This is why we prefer benefits-first lines: they force clarity. Shoppers do not buy “304 stainless.” They buy “doesn’t retain odors and holds up to daily use.”

A keyword placement map that avoids stuffing

We have seen teams panic about SEO and jam the same phrase into every line. You end up with copy that reads like a ransom note. Search engines have also gotten better at spotting it.

We use a simple placement map that works across marketplaces and typical ecommerce product pages:

Put the primary phrase in the title line or the first sentence, naturally. Put a close variation in the first 155 characters because that is often what becomes the snippet or preview. Use 3 to 5 bullet headers that contain the most important shopper terms, not long-tail junk. End with a reassurance line that includes one relevant keyword and reduces purchase anxiety, like returns, warranty, or care.

You do not need 20 keywords. You need the right five.

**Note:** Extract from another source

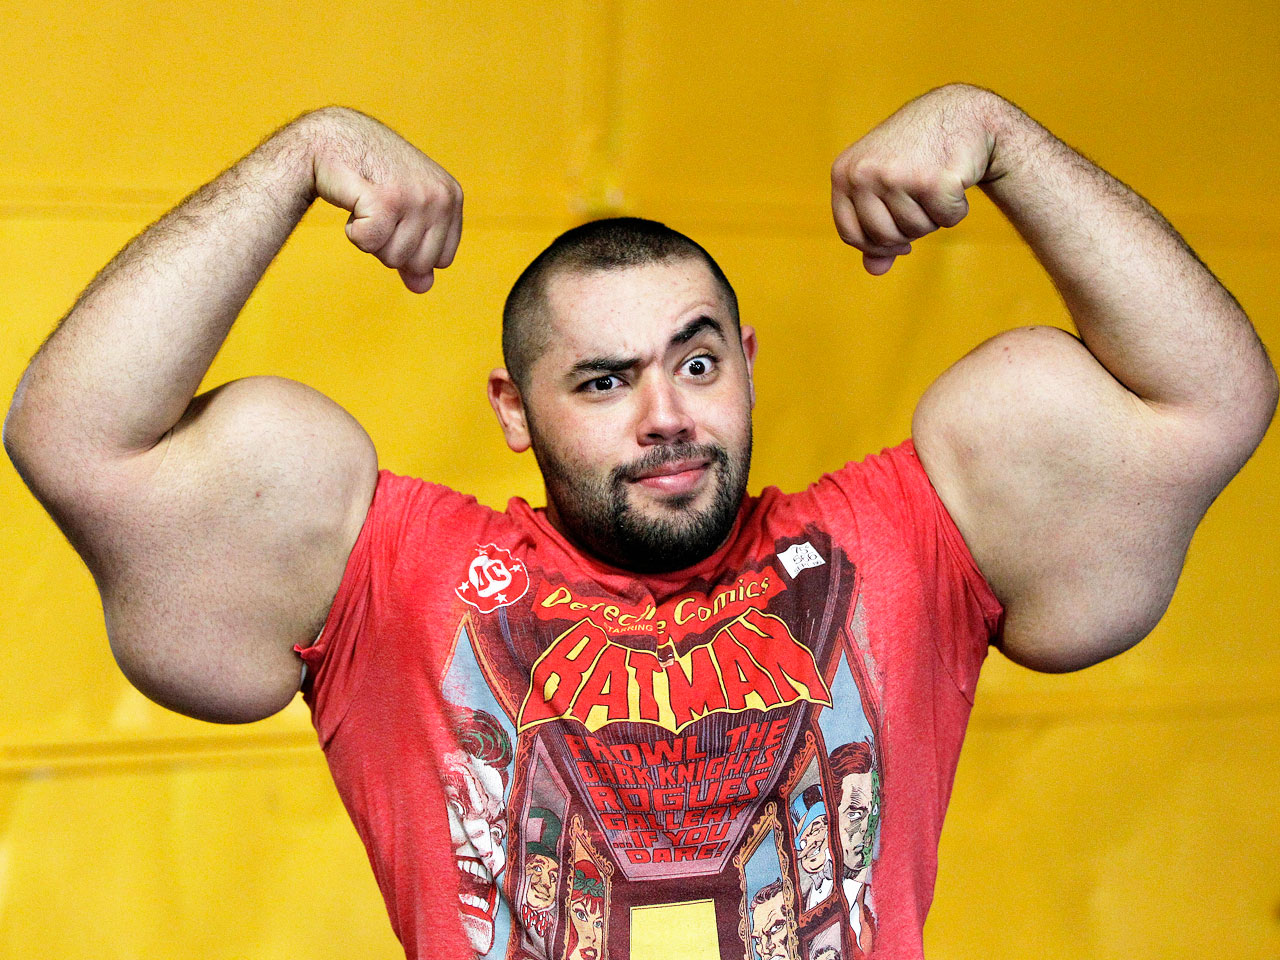 In this photo taken, Friday, Nov. 16, 2012, Egyptian Body builder Moustafa Ismail poses during his daily workout at World Gym in Milford, Mass. Ismail has been given the title of world's biggest arms, biceps and triceps, by the Guinness Book of World Records. (AP Photo/Stephan Savoia)

Bullets vs paragraphs: when each wins

Bullets win when the shopper is comparing. That is most of the time. On mobile, it is almost always.

Paragraphs win when the product needs context or when the buyer is anxious, like skincare, baby gear, or anything expensive. A paragraph lets you set expectations and reduce “what if this doesn’t fit my situation?” uncertainty.

We generate both formats from the same intake row, then decide based on page layout. The mistake is choosing a format first, then trying to cram the product into it.

One more thing: do not let AI write your “features” section as a list of nouns. It will. You have to ask for verbs. Verbs sell.

One-to-many workflow: scaling to 500 to thousands of SKUs without losing your mind

Bulk generation is real. We have watched tools crank through thousands of listings in seconds. You still need a workflow that does not ship mistakes at scale.

The math is the easy part. If you have 500 items and you spend 15 to 20 minutes each, you are looking at 125 to 166 hours. That is weeks of work. If AI gets you to under a minute per item for generation, you can save dozens of hours even after review.

What trips people up is governance. When you bulk-generate without rules, you get inconsistent tone, repeated phrasing, and tiny factual errors scattered across your catalog. Those are hard to catch later because each individual listing looks “fine.”

The operational playbook we use

We batch by category, not by whatever order the CSV happens to be in. Category context matters. A running shoe description and a ceramic mug description need different default assumptions about what the shopper cares about.

We lock a style guide before we generate anything. Not a 20-page brand manifesto. A few rules that AI can follow: reading level, allowed adjectives, how to talk about pricing (usually: don’t), whether we use contractions, whether we say “you,” and which claims are banned.

Then we run bulk generation.

Then we do QA in two stages.

Stage 1 is automated checks. You can do this with scripts, spreadsheet formulas, or platform rules. We look for banned phrases, missing units, weird unit conversions, character limit issues, and repeated first sentences across the batch. Duplicate intros are a silent killer.

Stage 2 is human sampling. We sample 5 percent for low-risk categories. We sample closer to 25 SKUs per batch when the category is regulated or return-prone. We check the sampled items against the source-of-truth row, not against our memory.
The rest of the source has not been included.